I pick a function in Minotaur.GameEngine
module to run on a node to see that I get an expected result.
With a clean application state, there shouldn’t be any game processes.
test "game session is restarted on another node", %{cluster: cluster} do
[node1, _node2] = Cluster.members(cluster)
res = Cluster.call(node1, Minotaur.GameEngine, :get_game, ["ABCD"])
assert {:error, :game_not_alive} == res
end
The test fails.
1) test when a node shuts down while having an active game session game session is restarted on another node (Minotaur.Cluster.GameSessionTest)

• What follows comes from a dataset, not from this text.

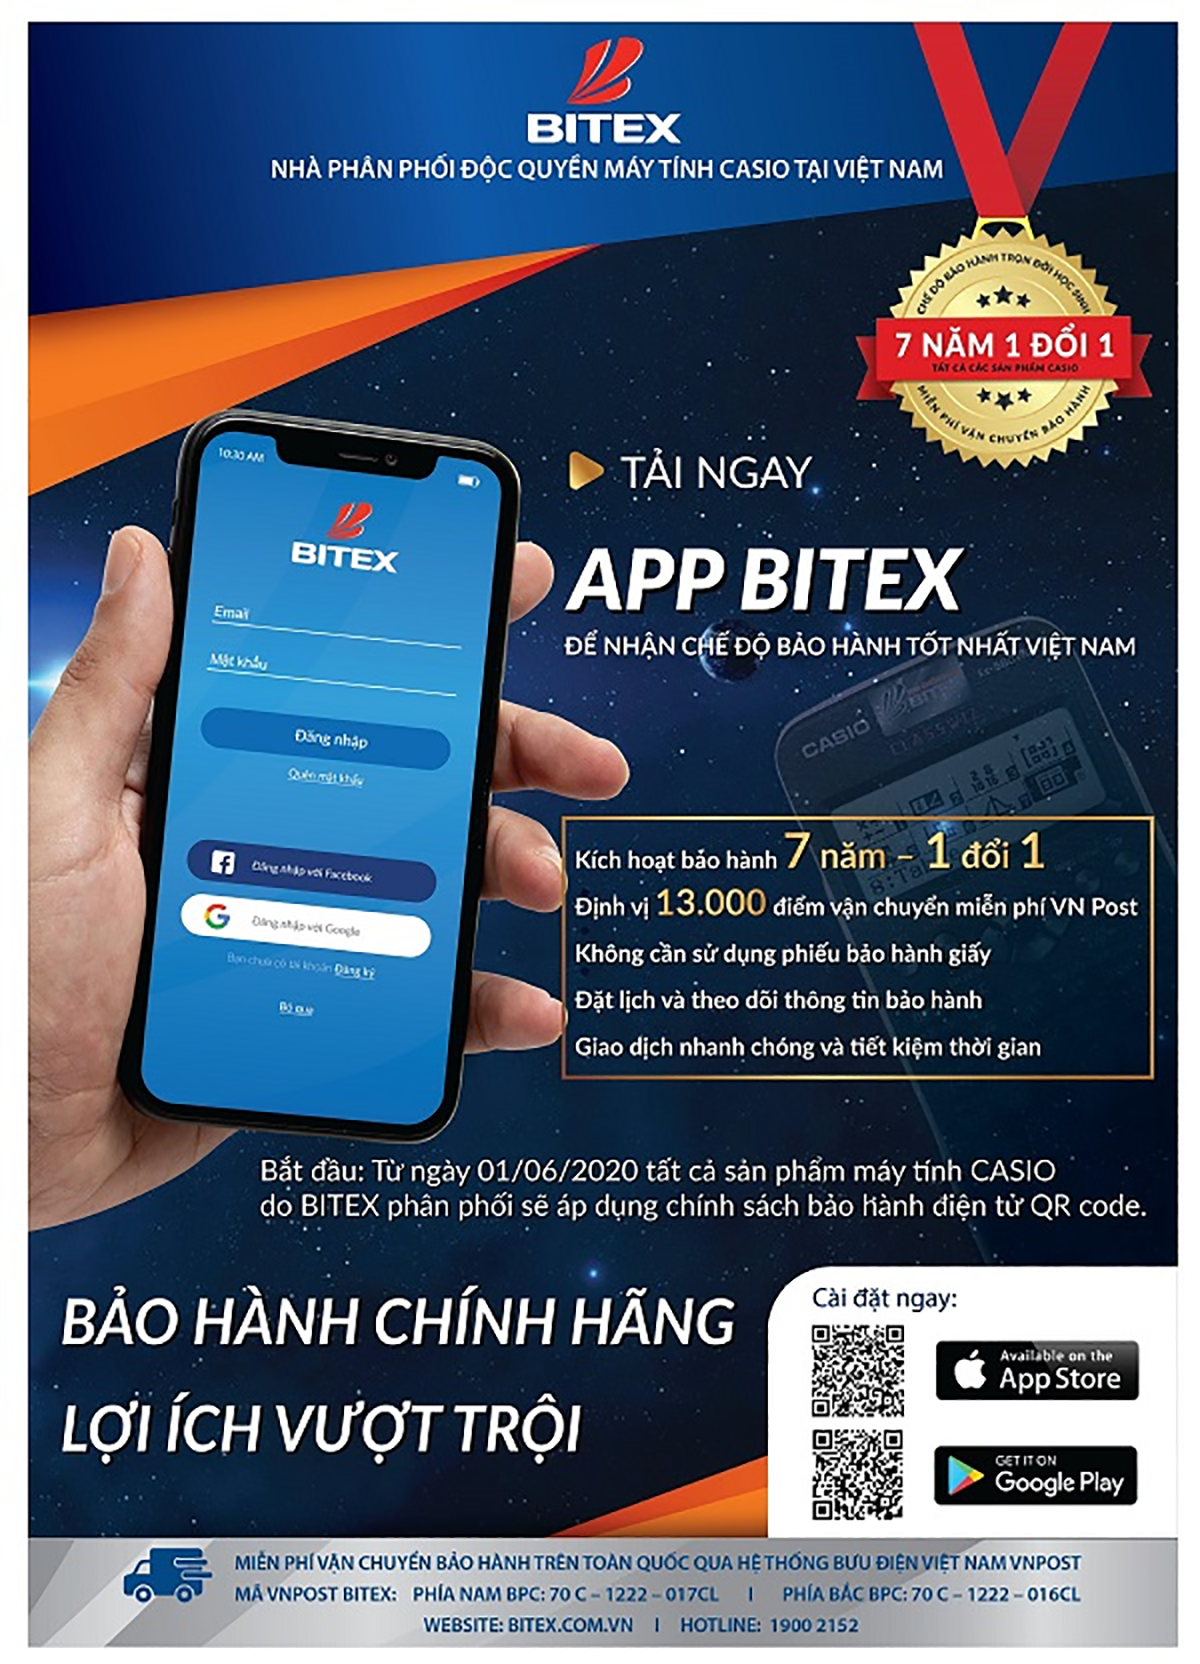 App BITEX - công cụ hàng đầu cung cấp giải pháp tránh hàng giả, hàng xâm phạm bản quyền dành cho người tiêu dùng Casio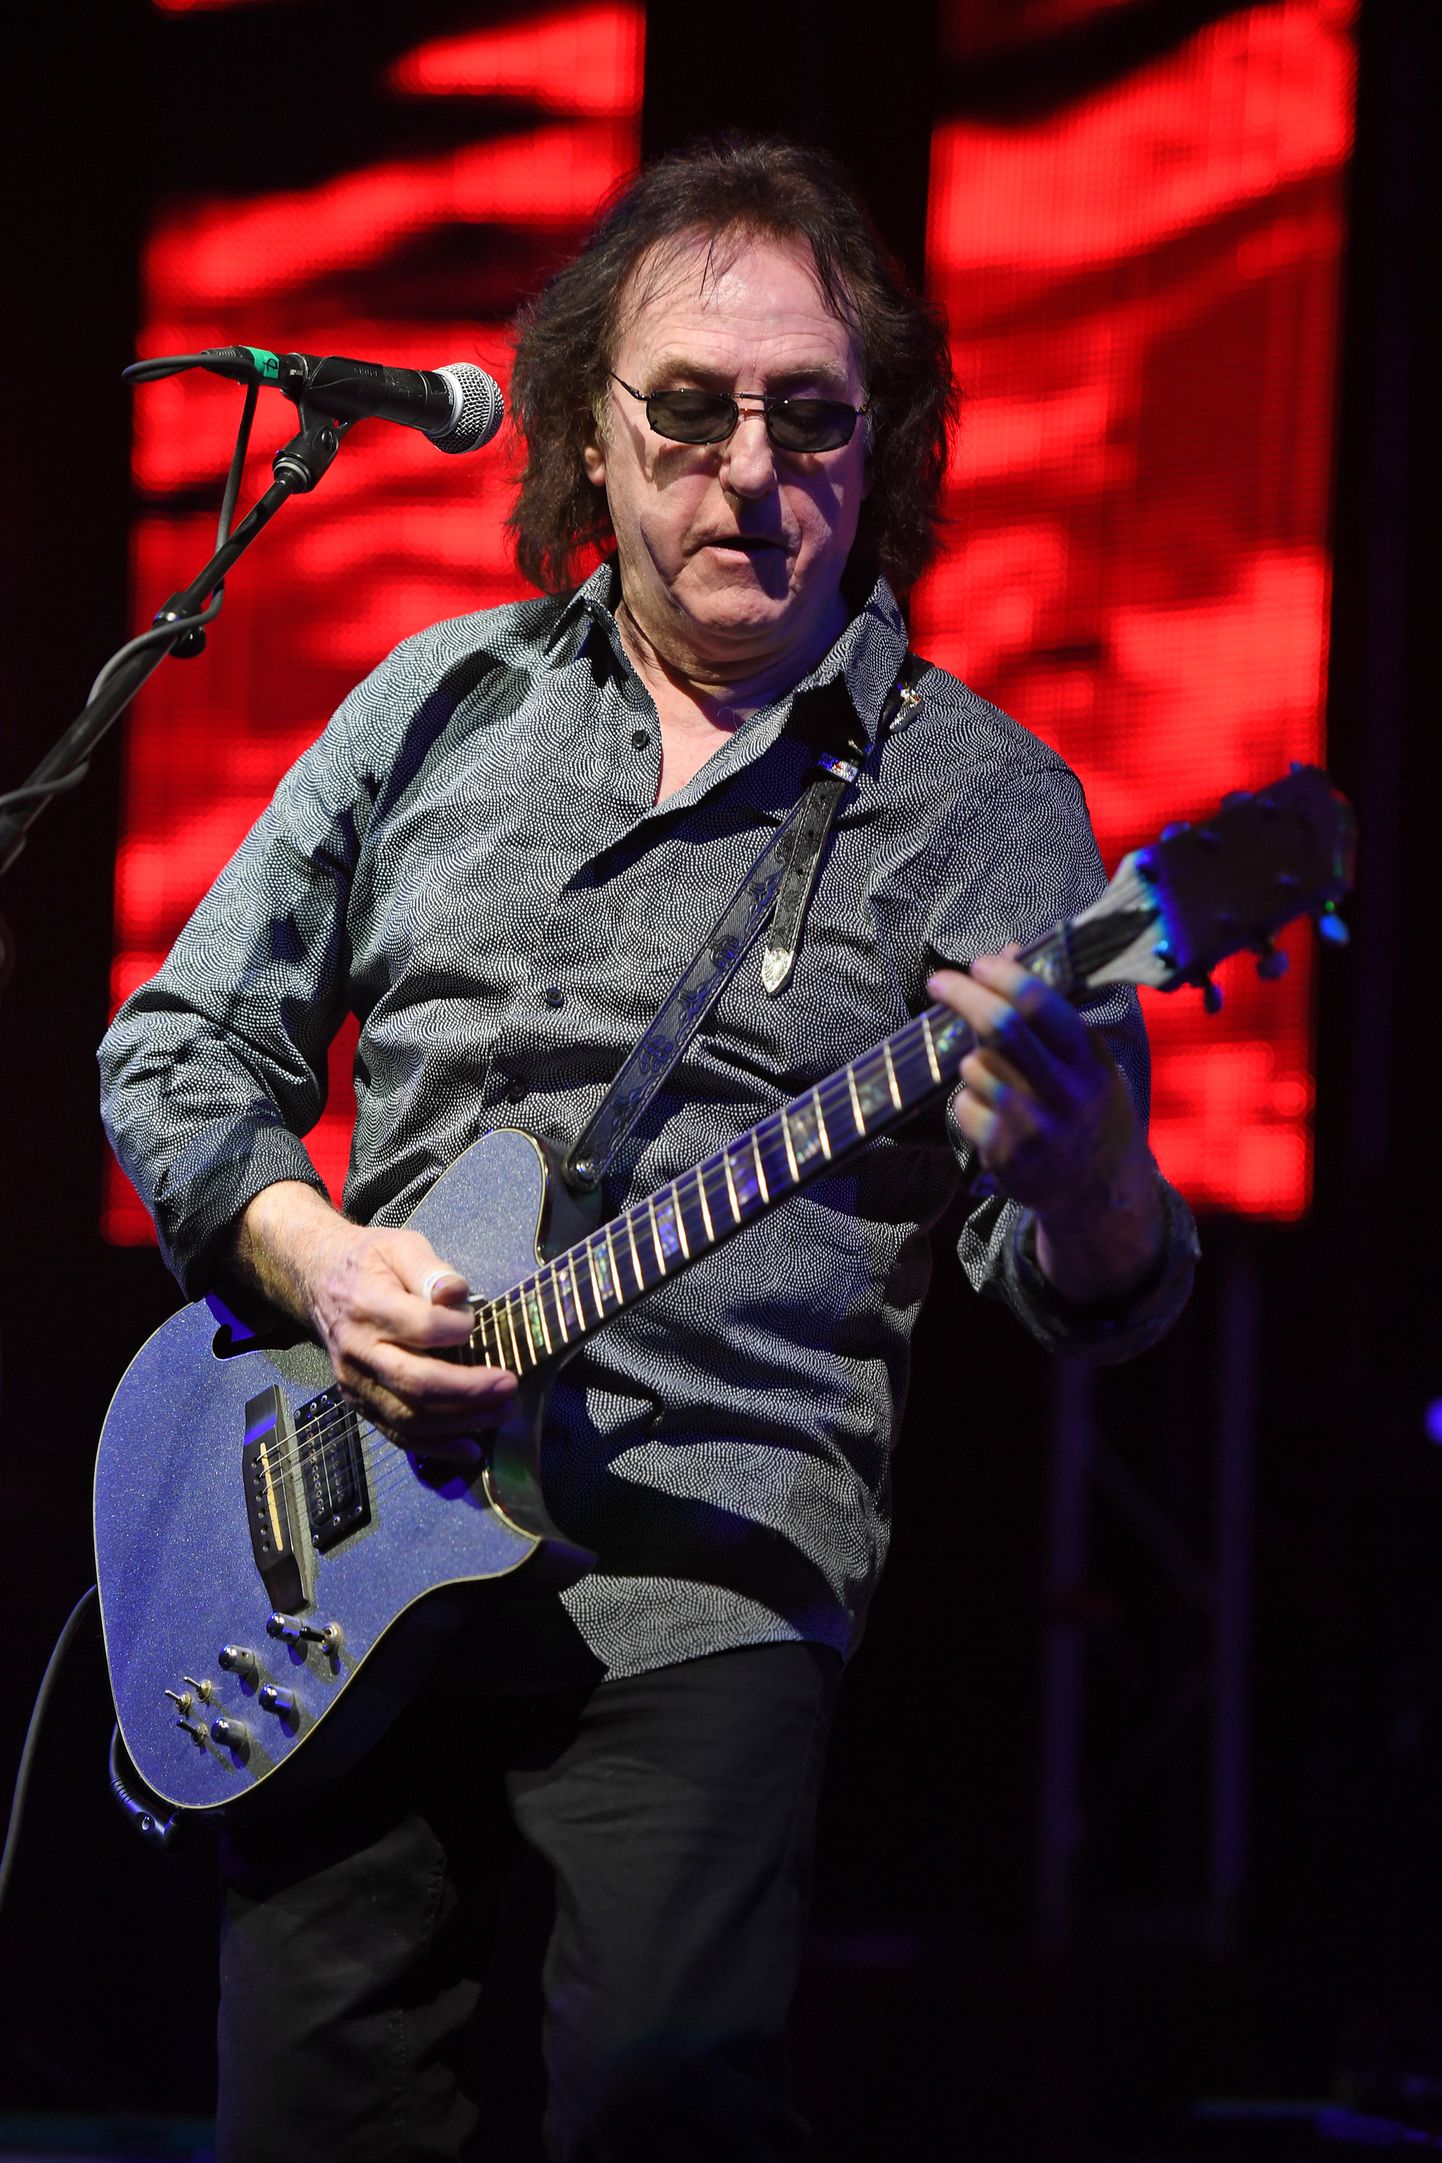 Denny Laine pani aluse bändile Moody Blues ning ühines aastaid hiljem Paul McCartney bändiga Wings.

test/cluster/game_session_test.exs:9
Assertion with == failed
code: assert {:error, :game_not_alive} == res
left: {:error, :game_not_alive}
right: {:error, %ArgumentError{message: "unknown registry: Minotaur.GameEngine.SessionRegistry"}}
stacktrace:
test/cluster/game_session_test.exs:12: (test)
The result of calling :get_game
on the node is {:error, %ArgumentError{message: "unknown registry: Minotaur.GameEngine.SessionRegistry"}}
which means the registry is likely not started.
This makes sense since the nodes have been started, but not the Minotaur application on each node.
The README for ex_unit_clustered_case
shows exactly how to do this with a convenience function node_setup
which works like the standard setup
callback in ExUnit, but applies the callback to each node in the cluster.
I update the scenario
block just like the provided README example:
scenario "when a node shuts down while having an active game session", @cluster_opts do
node_setup [:start_apps]
test "game session is restarted on another node", %{cluster: cluster} do
[node1, _node2] = Cluster.members(cluster)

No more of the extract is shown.